20. Clause 8 of the agreement provides that unless price and expenses are fully paid machineries shall be absolute properties of the Plaintiff Board. Since the Defendant has not fully paid the legal dues under the hire purchase agreement, all the machineries are the absolute properties of the Plaintiff and title of the same remains with them. 21. In view of discussions made above, the suit is held to be maintainable. 22. The Plaintiff is entitled to the relief prayed for, for reasons discussed above. 23. Thus Issue No. 1, 5, 6, 7 & 8 are decided in favour of the Plaintiff. 24. In nutshell, the instant suit is allowed. 25. It is ordered that the Plaintiff do get a decree of Rs.7,01,274.54 p. with interest at a rate of 8% per annum from the date of institution of the suit till recovery.
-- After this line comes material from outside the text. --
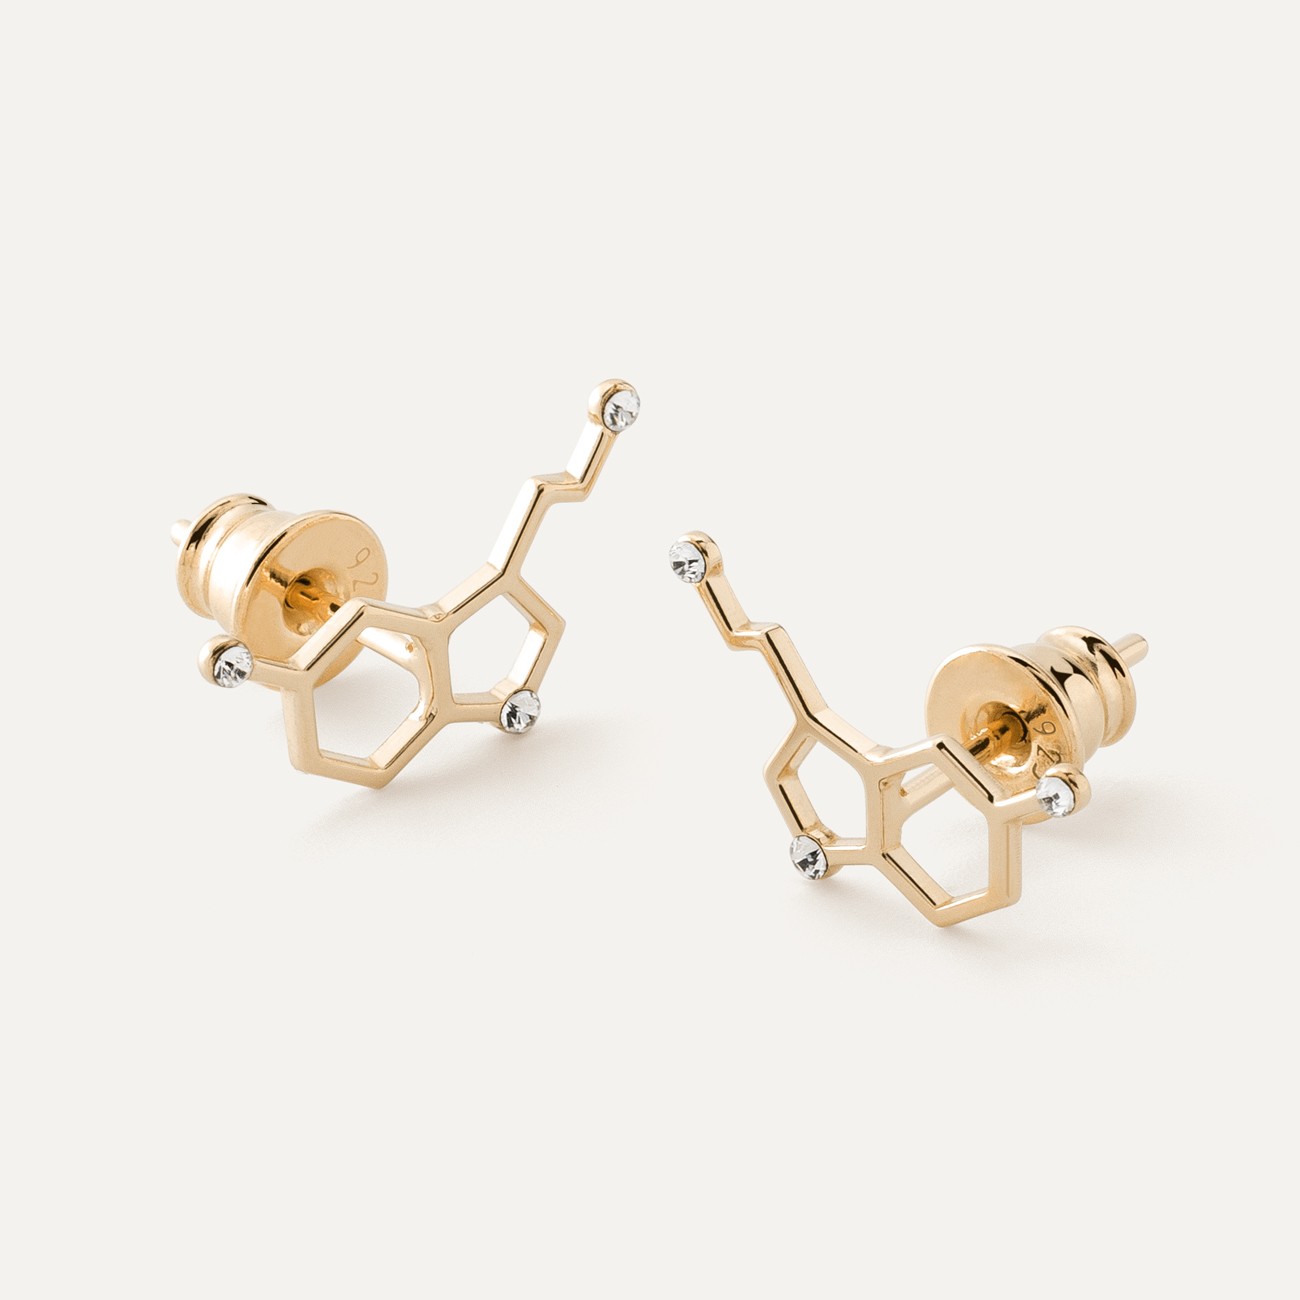 Serotonin earrings with crystals, Silver 925

On recovery of the amount, title of the machineries and equipments mentioned in the First Schedule of the agreement shall pass on to the Defendant. The Defendant is directed to make payment as aforesaid within sixty days from the date of drawing up the decree, otherwise, the Plaintiff will be at liberty to draw up execution proceeding for recovery of the amount. 26. In case money decree is not satisfied, the Plaintiff shall be entitled to take possession of the machineries and equipments, as mentioned in the First Schedule of the hire purchase agreement. 27. Let decree be drawn up. 28. The instant suit is disposed of with all pending applications, if any.